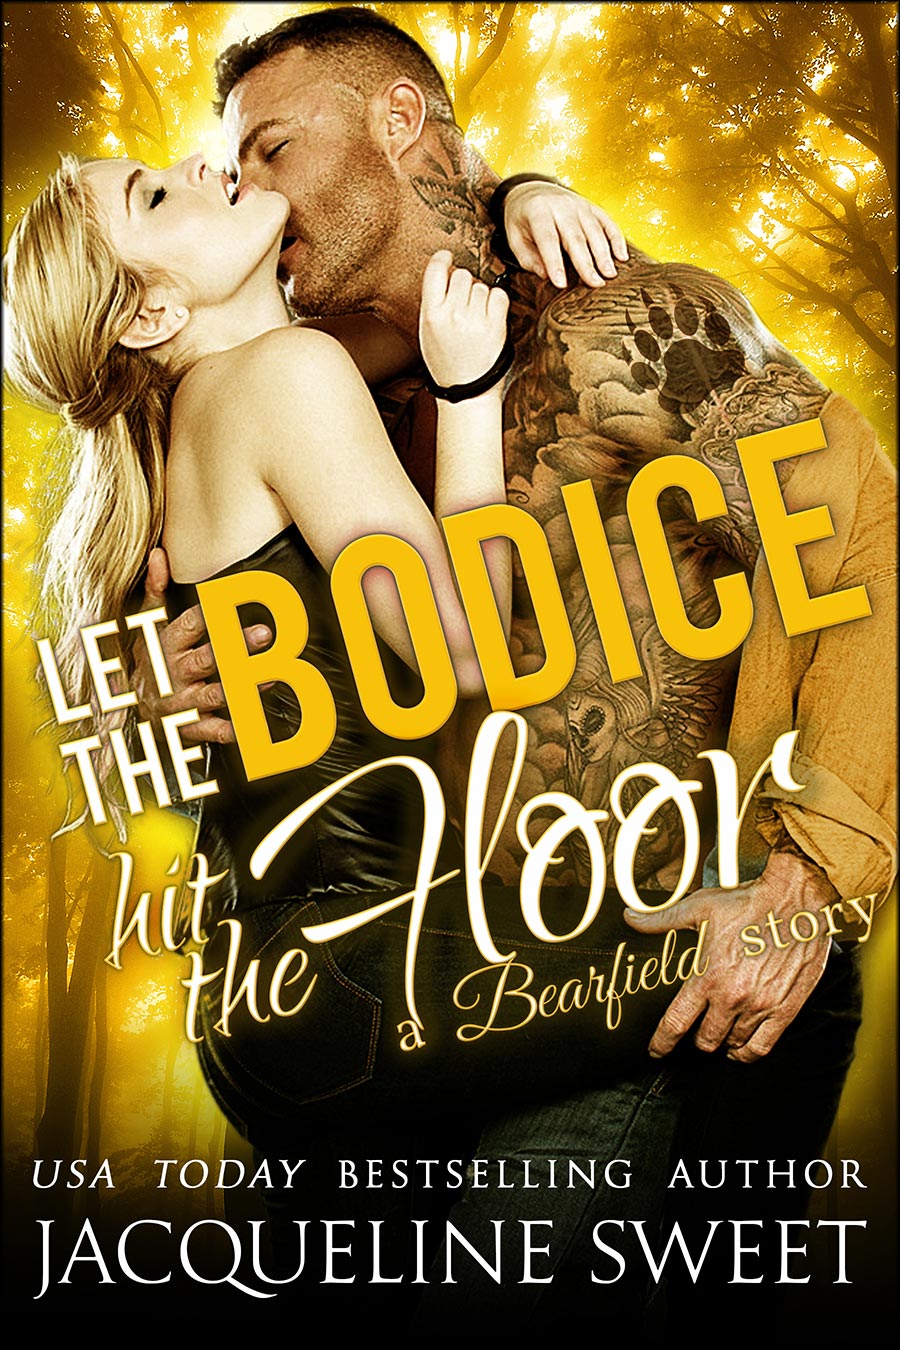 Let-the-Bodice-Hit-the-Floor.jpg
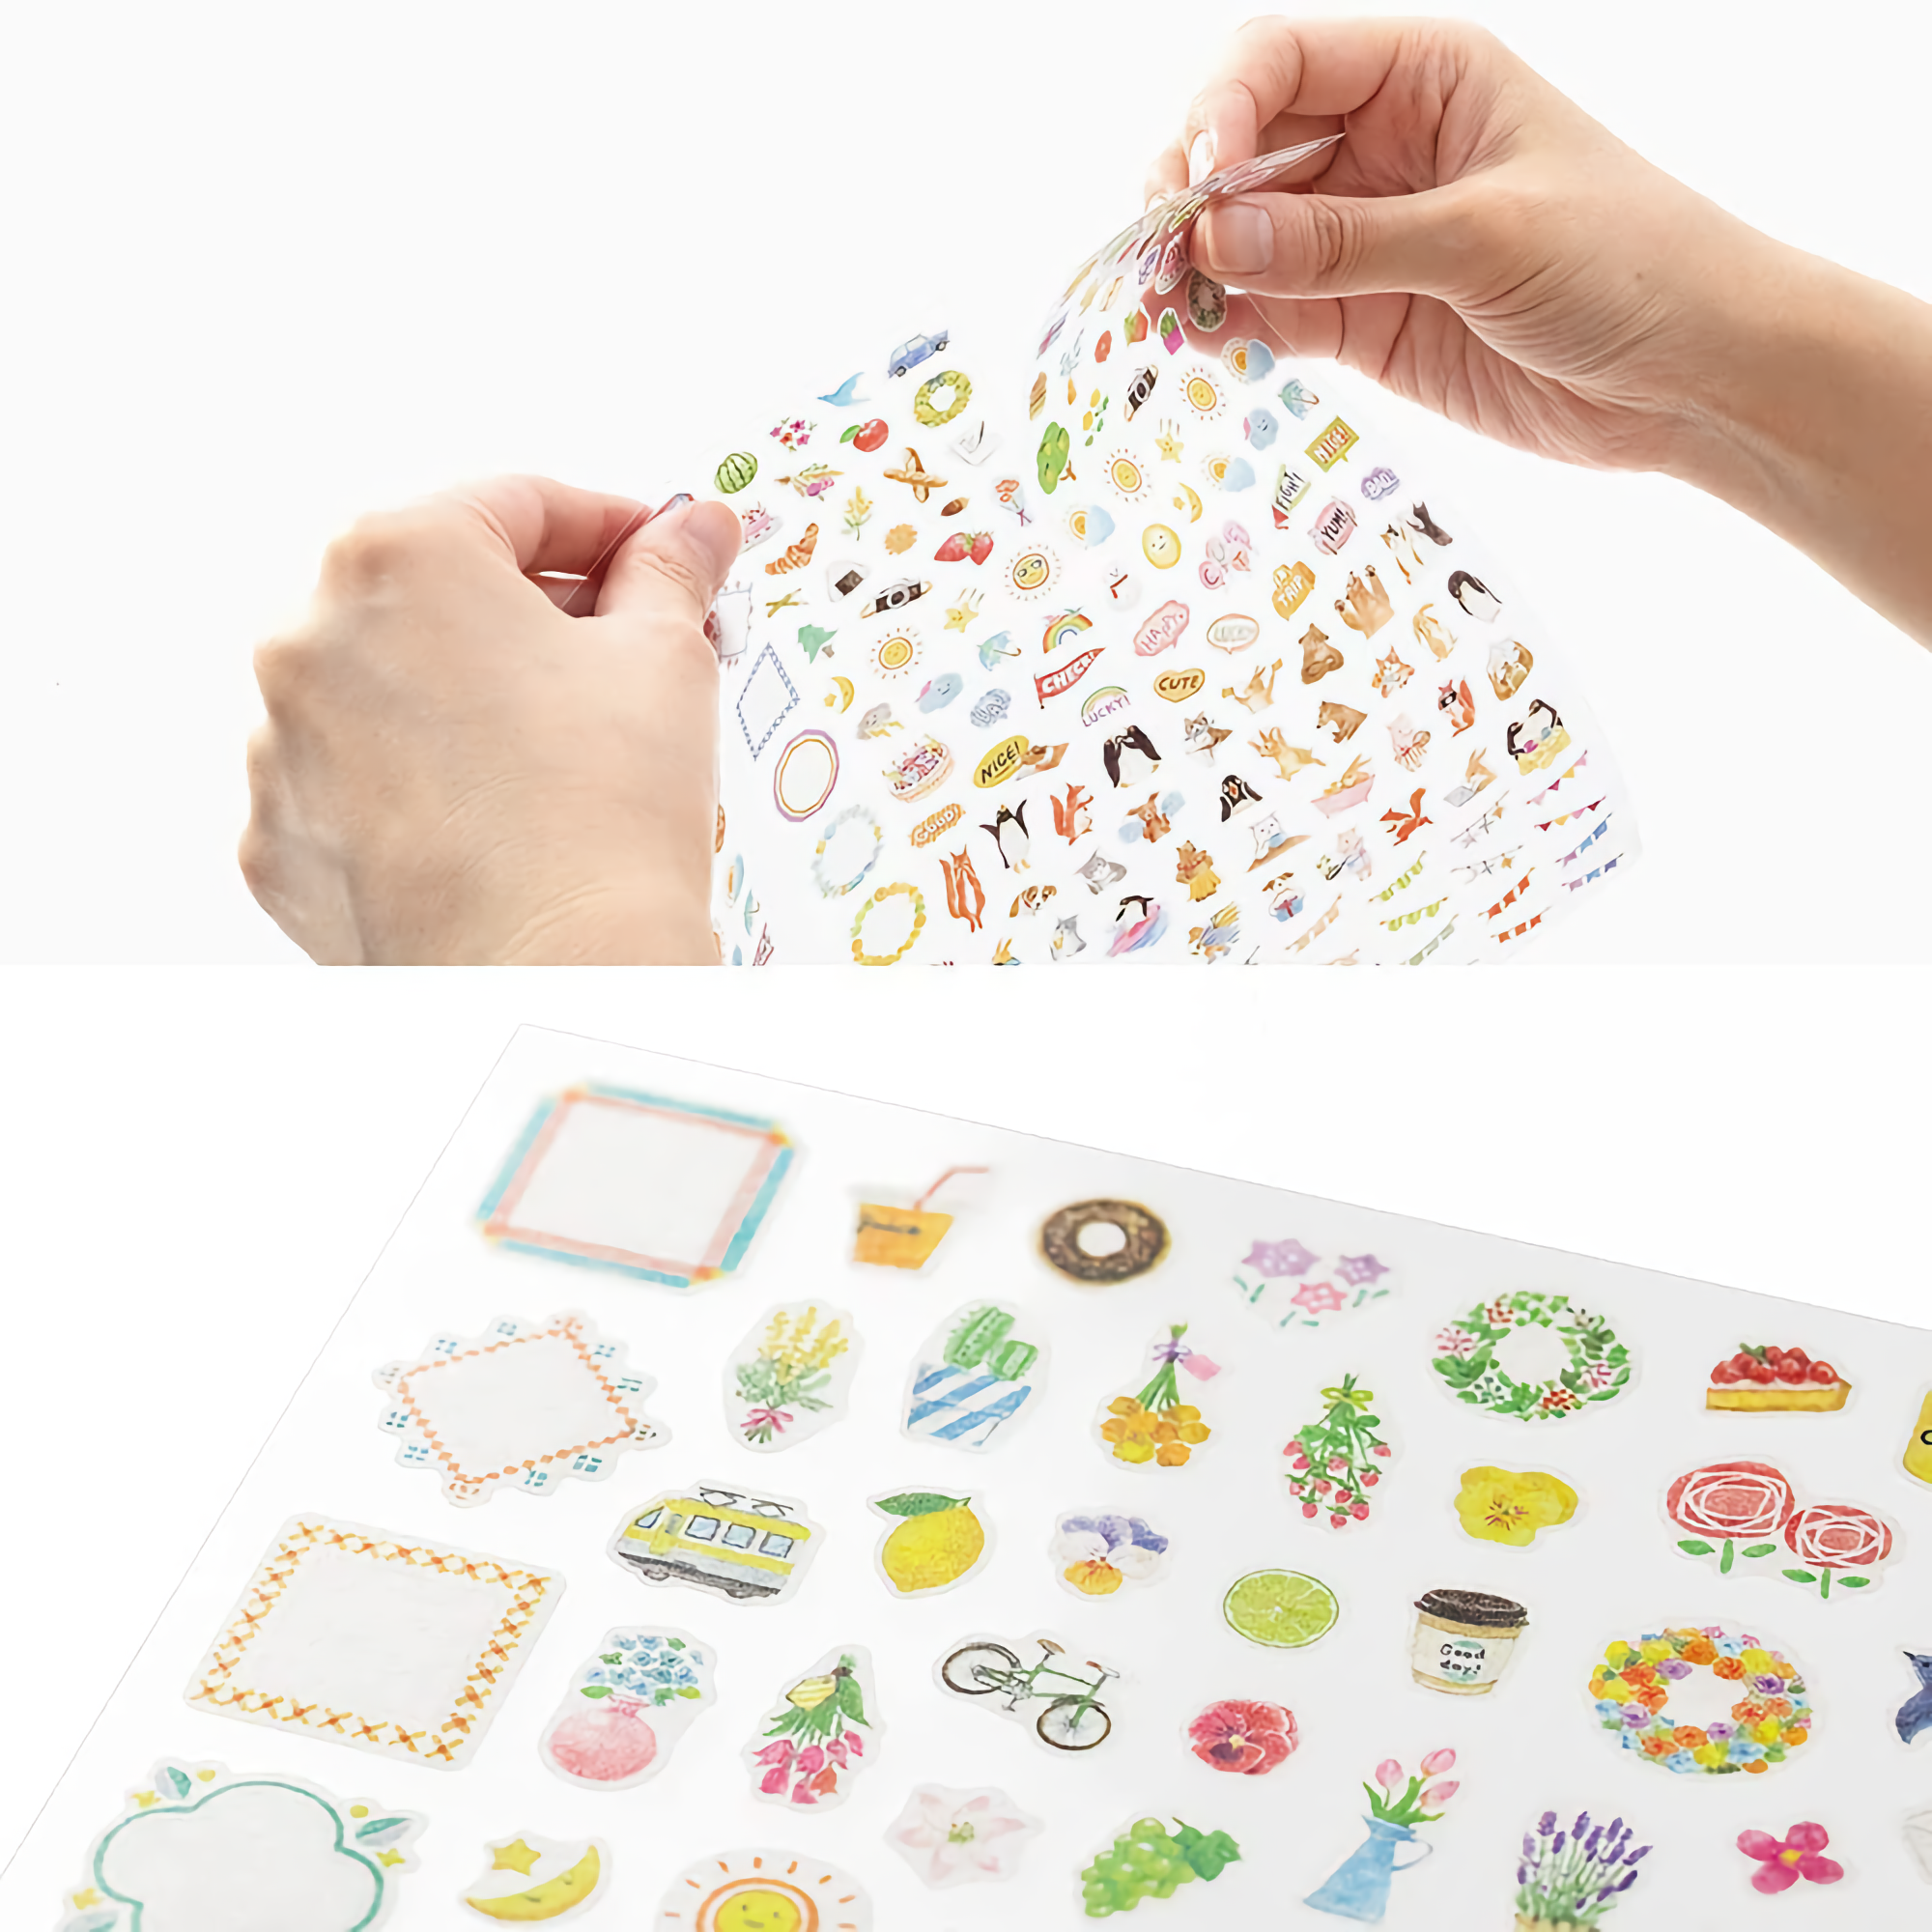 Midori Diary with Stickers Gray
..........
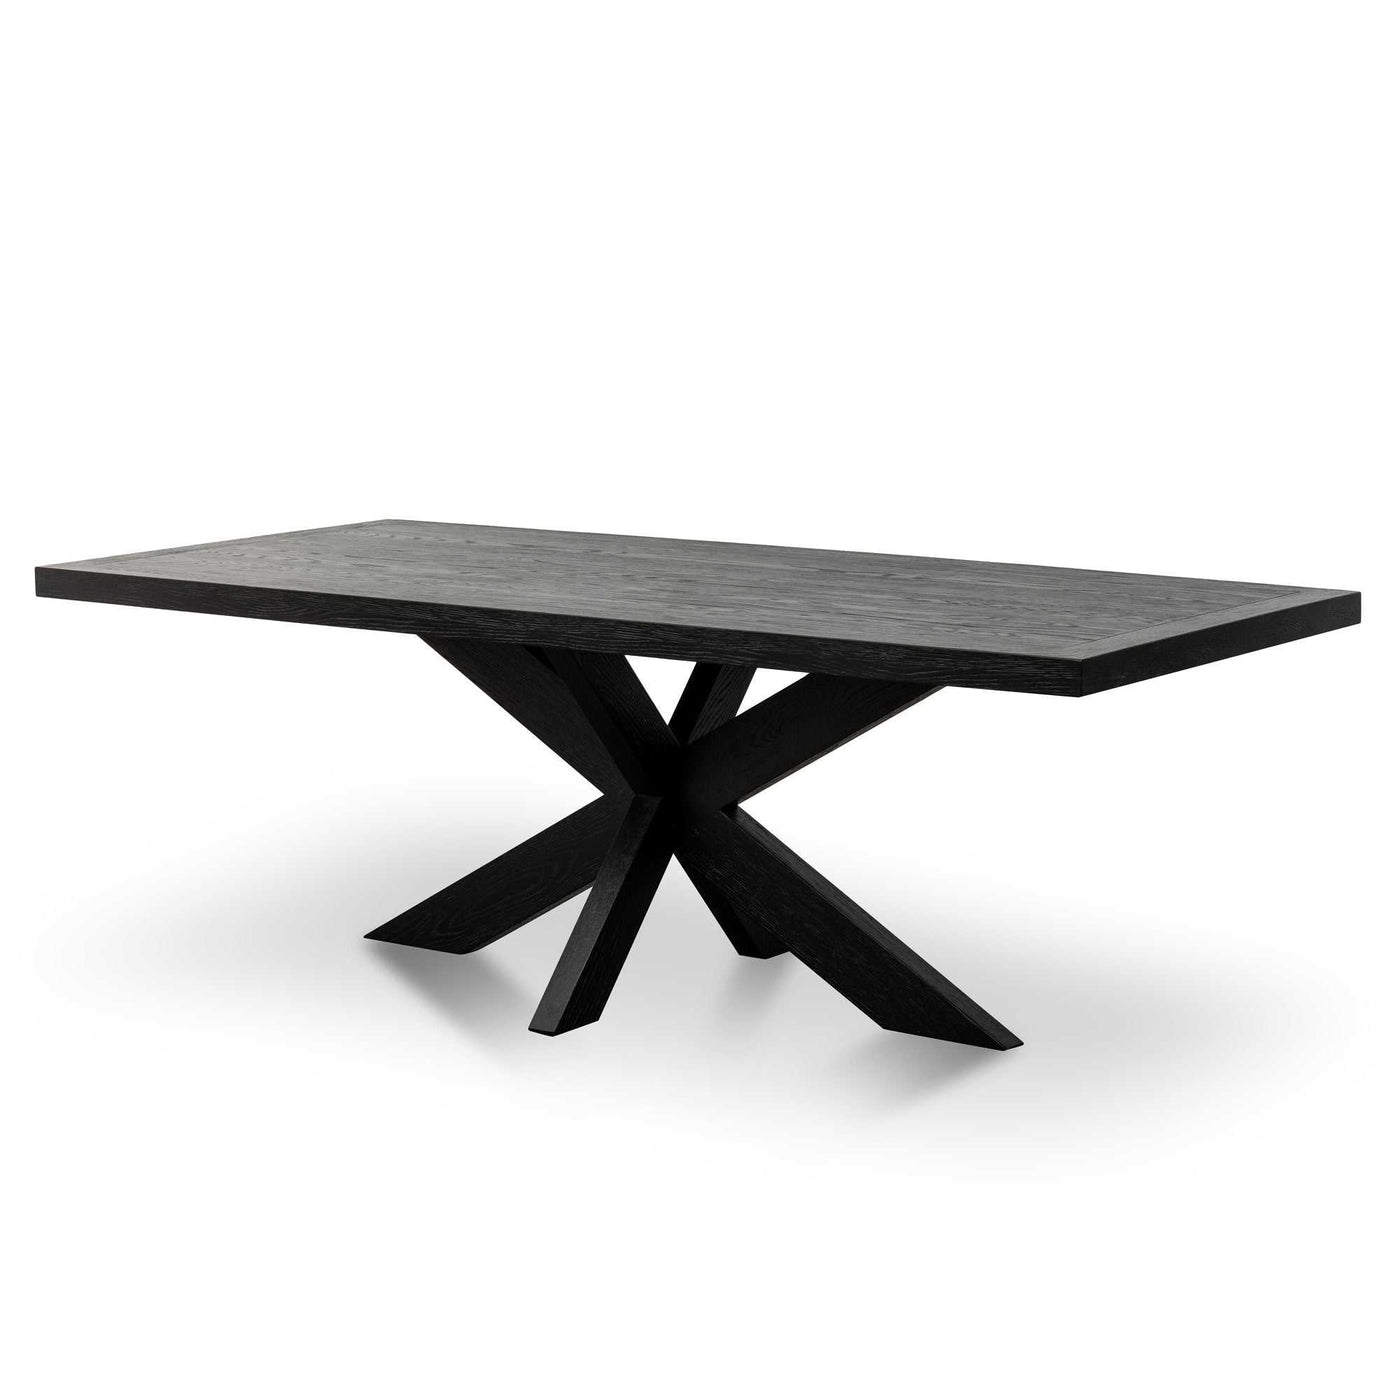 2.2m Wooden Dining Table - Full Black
..........
◆ Try it ◆
In the listing above, find the line containing "Let-the-Bodice-Hit-the-Floor.jpg" and the line containing "Midori Diary with Stickers Gray", then return both of them and every line between, exactly, without pictures.

◆ Solved exercise ◆
 Let-the-Bodice-Hit-the-Floor.jpg
 Midori Diary with Stickers Gray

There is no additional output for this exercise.